Log in or register to post comments

Replied on Thu, 10/03/2013 - 05:15

nickz Joined: Oct 02, 2013

Hi Mike, Thank you for taking

Hi Mike,

Thank you for taking the time to point me in the right direction and also for your quick response.

I can't believe I overlooked the manual (didn't know how to find it...).

I managed to import my own data and am now working on figuring out how to import a large number of (fairly large) matrices efficiently. I'm sure I'll manage with the directions you gave above.

Thanks again,

Nick

Log in or register to post comments

Replied on Fri, 11/01/2013 - 11:21

nickz Joined: Oct 02, 2013

importing matrices and missing data

Dear all,

I came across another issue when trying to import correlation matrices. I am trying to import correlation matrices from various studies. Only a few of the correlation matrices are complete, some have missing variables and some have missing correlations. I would like to know how to handle missing correlation, rather than missing variables.

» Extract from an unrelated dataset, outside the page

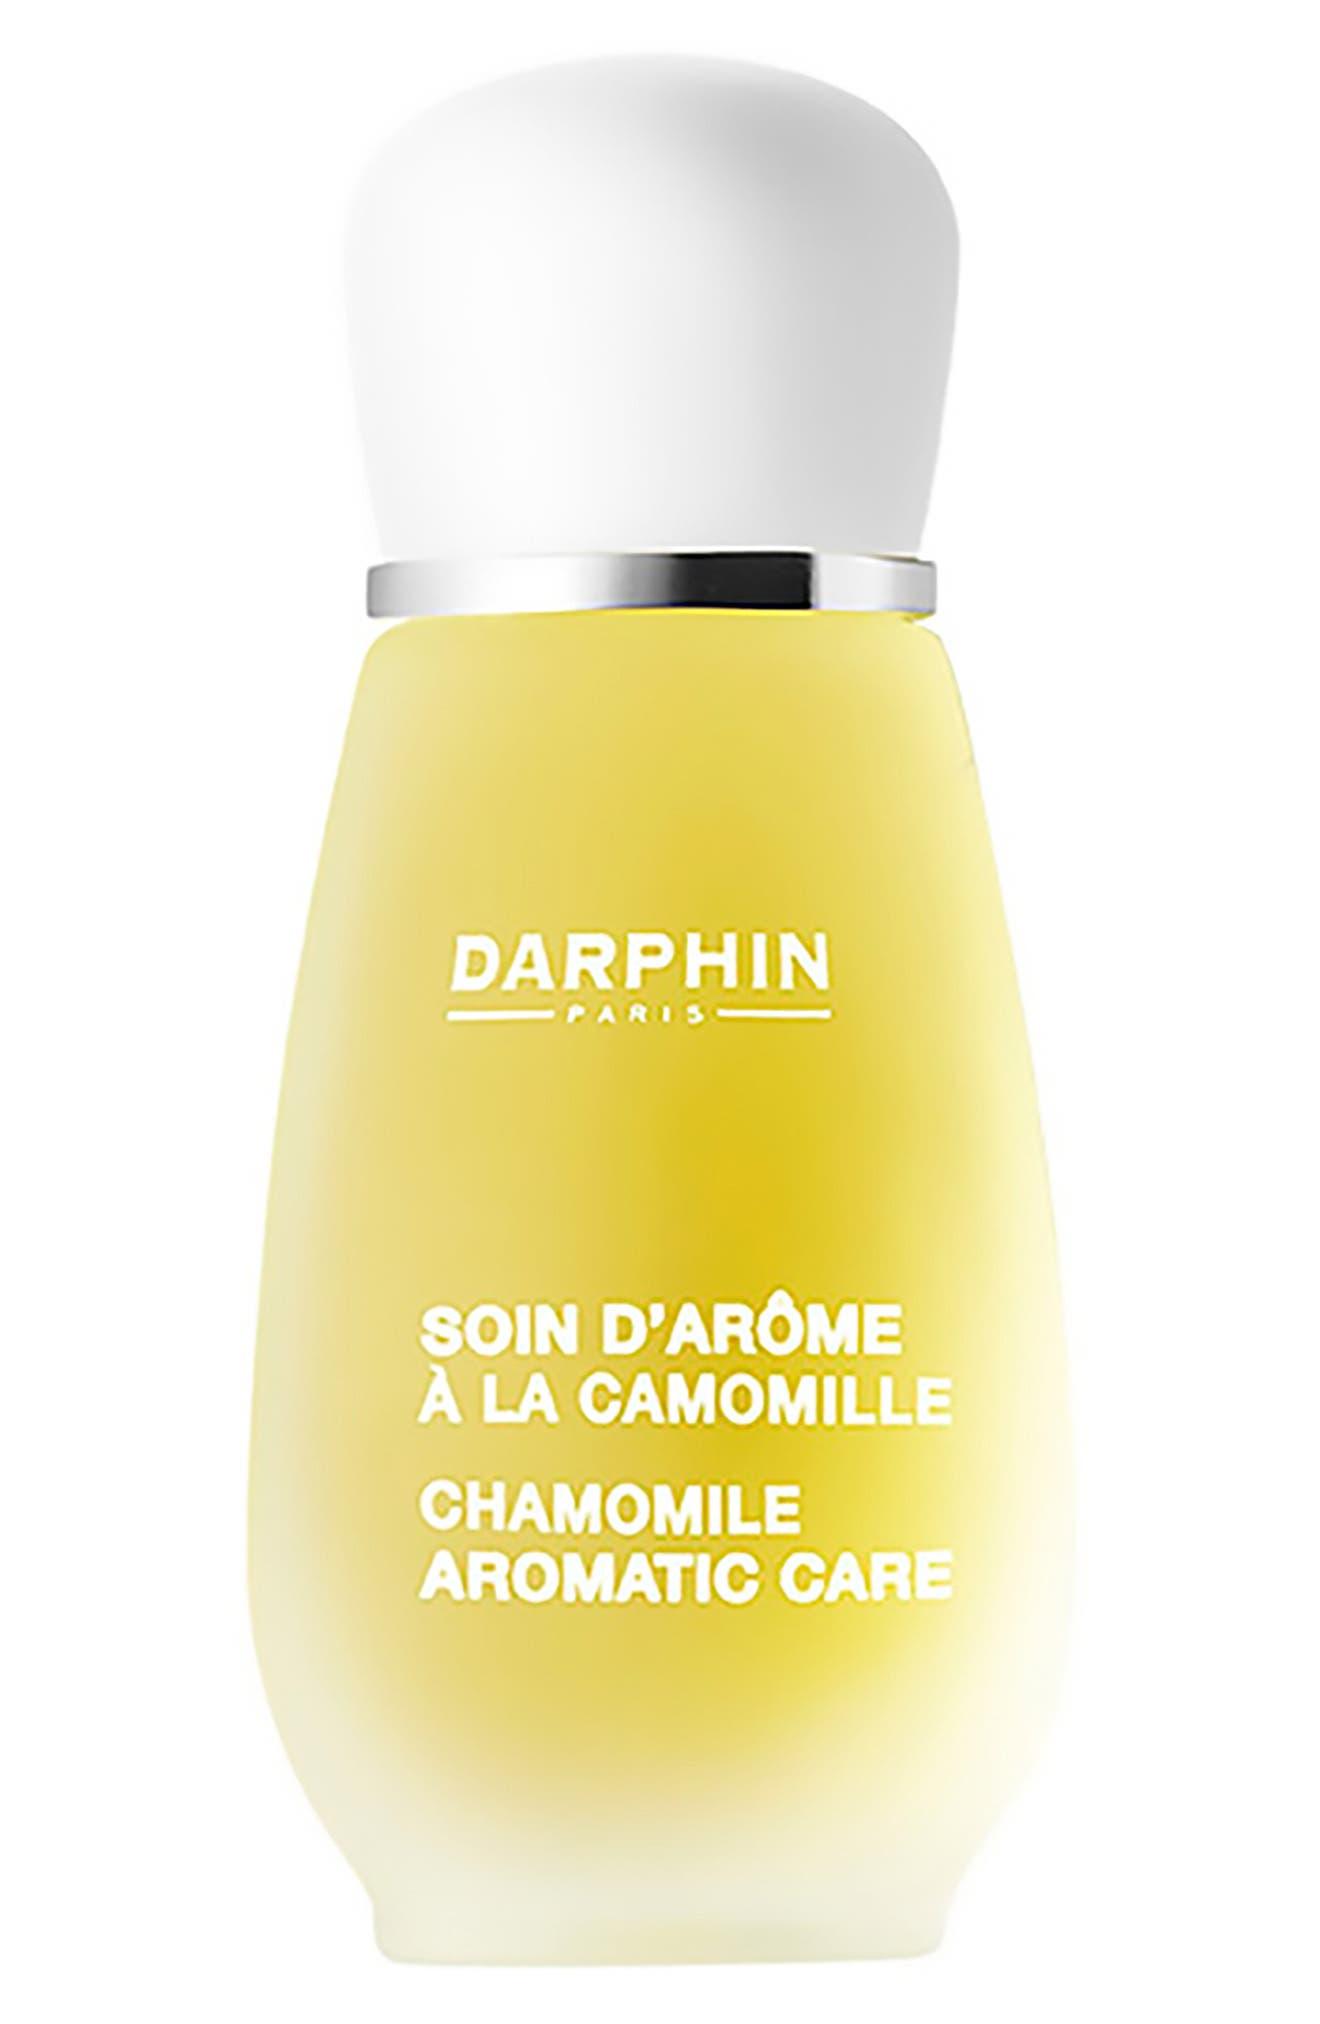 Chamomile Aromatic Care Face Oil

Missing variables need to be flagged on the diagonal as NA. The next example shows the second variable to be missing and flagged on the diagonal.

1	NA	0.39
NA	NA	NA
0.39	NA	1

However, I am not sure how to handle missing correlations. In the following example there are no missing variables, but the correlation between variable one and two are missing.

1	NA	0.31
NA	1	0.10
0.31	0.10	1

Inputting the correlation matrix above as is results in an error due to the missing correlation.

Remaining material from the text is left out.